• Nouvelle 21 (Trophée Anonym'us) : Le Parloir de Maud MAYERAS

    Nouvelle 21 (Trophée Anonym'us) : Le Parloir

     

    Rappel du principe ici et des suspects.

    Rappel du modus operandi : 26 auteurs édités et non-édités vont proposer une nouvelle noire ou polar (20.000 signes maximum). Les textes seront lus et jugés à l'aveugle de septembre 2016 à mars 2017 par les membres d'un jury (dont je fais partie) et qui se fera un grand plaisir de débattre et de délibérer pour trouver les gagnants. Ils seront trois à pouvoir participer au prochain festival des Pontons Flingueurs (en juin à Annecy) et le premier se verra également remettre une statuette en argile faite par l'organisateur.

     

    Nouvelle n°21 (en PDF et en EPUB)

     

    Axel n’écoute pas.
    On lui a bien appris pourtant, à ne pas mettre ses coudes sur la table mais ce sont ses
    bras tout entiers qu’il y pose et sa tête avec. Un œil est fermé par sa joue écrasée,
    l’autre suit les motifs du papier peint : des oursons coupés en plein milieu par les
    huisseries dont on a retiré les portes. Axel regarde au-delà des ouvertures béantes,
    dans ce couloir où les gens avancent sans s’arrêter. Ceux qui le regardent ne le voient
    même pas et dans quelques secondes ils l’auront probablement déjà oublié.
    Axel se tortille sur sa chaise, son ventre le tiraille déjà mais cela n’a rien à voir avec la
    faim.
    Maman ne tardera plus.


    Axel se rend au parloir tous les mercredis.
    Même s’il connait le chemin par cœur, Michel lui tient inévitablement la main pour le
    guider jusqu’à la petite pièce aux oursons bleus. Le même homme, qui chaque semaine
    lui demande son nom. Axel porte celui de son père, VANDAELE, et Michel l’écorche
    invariablement, comme s’il le faisait exprès.

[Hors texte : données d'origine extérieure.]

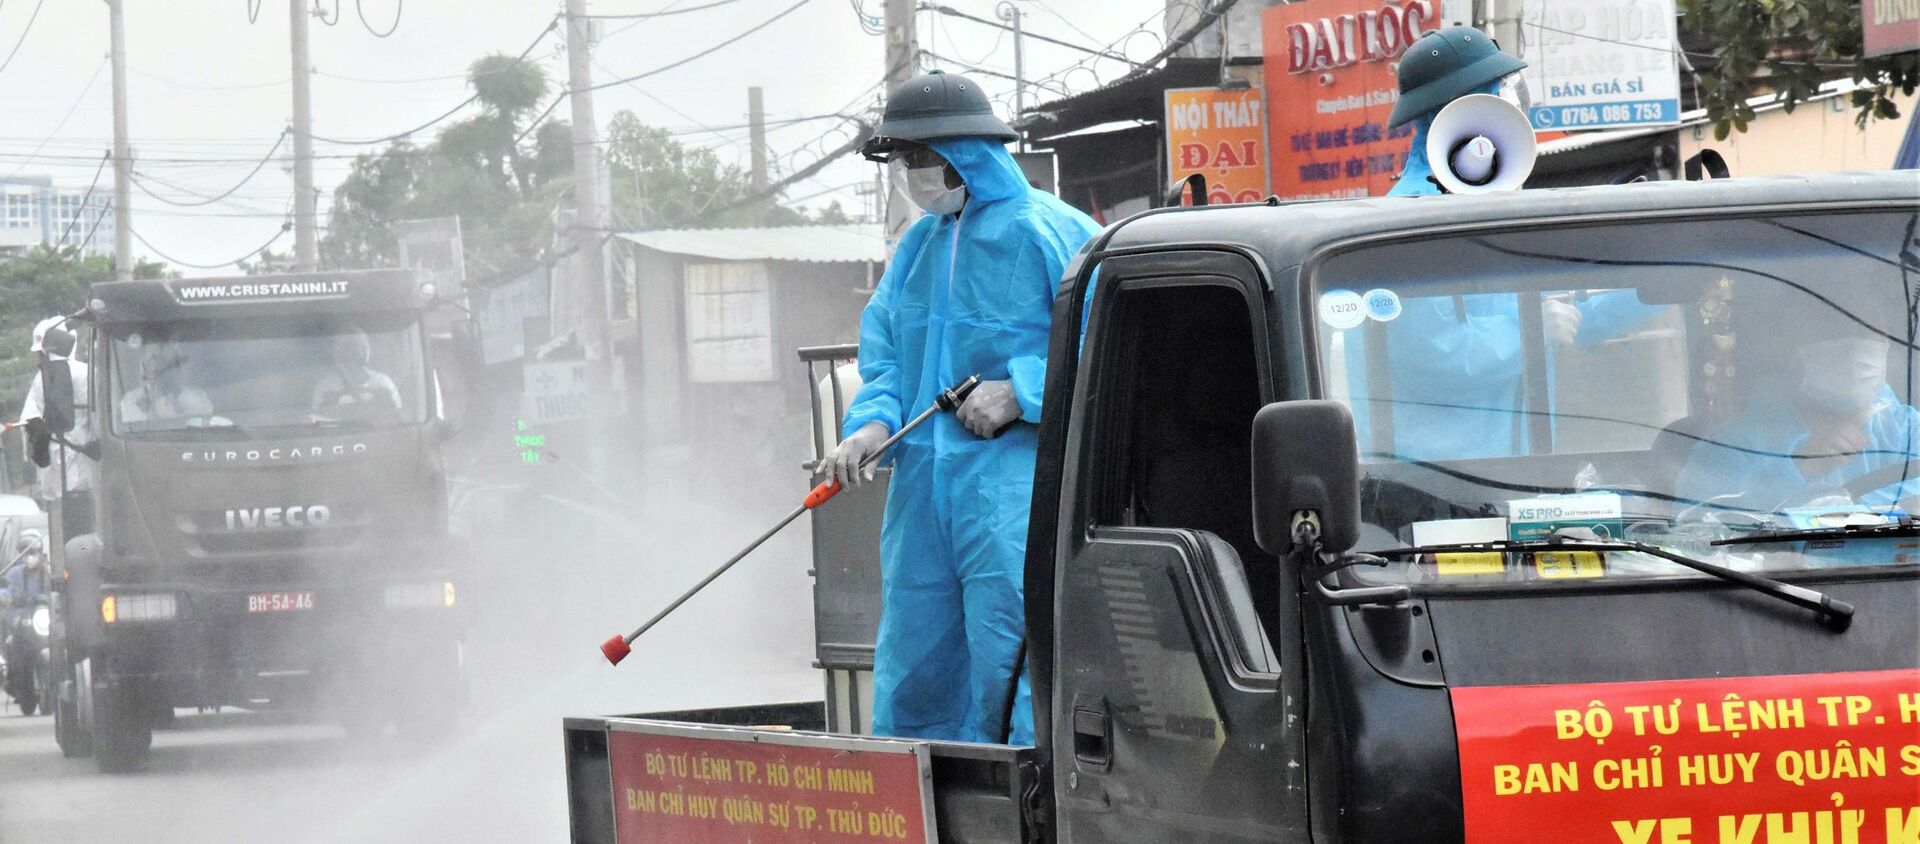 Bộ đội phòng hóa phun khử khuẩn, tiêu độc trên các tuyến đường ở TP Thủ Đức - Sputnik Việt Nam, 1920, 25.07.2021

    Le père d’Axel est parti de la maison depuis presque deux ans. Il y a eu cette millième
    dispute dans le salon, et puis il est entré dans sa chambre et a embrassé son fils sur le
    front. L’enfant n’a pas grimacé en sentant la barbe dure piquer sa peau, il n’a rien dit et
    a continué à faire semblant de dormir. Quand la porte a claqué, seulement, il a fondu en
    larmes.
    C’est de la faute de son petit frère, tout ça. Tout ce qui est arrivé, c’était à cause de
    Barnabé.


    Une créature chétive flanquée d’un prénom ridicule, qui avait à peine soupiré en venant
    au monde ; un garçon maigre et jaune qui semblait laper l’air à grandes goulées dès
    qu’on l’abandonnait à l’intérieur de son couffin.
    Axel avait dès lors considéré son frère comme un fardeau fragile, un boulet de verre
    encombrant qu’il devrait traîner avec soin jusqu’à ce que la chose soit capable enfin de
    se débrouiller seule. Il n’avait rapidement plus pu supporter le souffle rauque et
    embarrassant qui émanait de Barnabé. Cet écho caverneux qui s’extirpait avec peine de
    ses bronches pleines de poix.


    Étrangement, la vieille chatte grise de la maison s’était immédiatement prise
    d’affection pour le bébé. Dès la première seconde, elle l’avait couvé des yeux et avait
    roucoulé près du berceau sans relâche. Elle avait léché son front humide, s’était roulée
    en boule près de lui et n’avait jamais cessé de ronronner au rythme des marées
    asthmatiques du bébé.
    Lorsque Maman fermait la chambre afin de laisser dormir Barnabé, l’animal griffait le
    bois avec force, ne laissant jamais l’enfant trouver le sommeil. Il se mettait à geindre
    rapidement et les pleurs incommodaient la chatte qui ne supportait pas qu’on le laisse
    couiner de la sorte. Elle miaulait, hurlait comme lui, attendait que la porte s’ouvre pour
    courir le réconforter, l’embrasser, le goûter. Elle ne le quittait jamais, il était chaud, il
    ronflait comme elle.
    Axel observait le cirque depuis sa chambre, cette attention vouée à une petite créature
    qui n’en valait pas la peine. Quand Axel pleurait on lui tendait juste un mouchoir,
    lorsqu’il demandait des baisers, on le repoussait. Il était grand maintenant, il n’avait
    plus besoin de tout cela, pourquoi est-ce qu’il les embêtait ?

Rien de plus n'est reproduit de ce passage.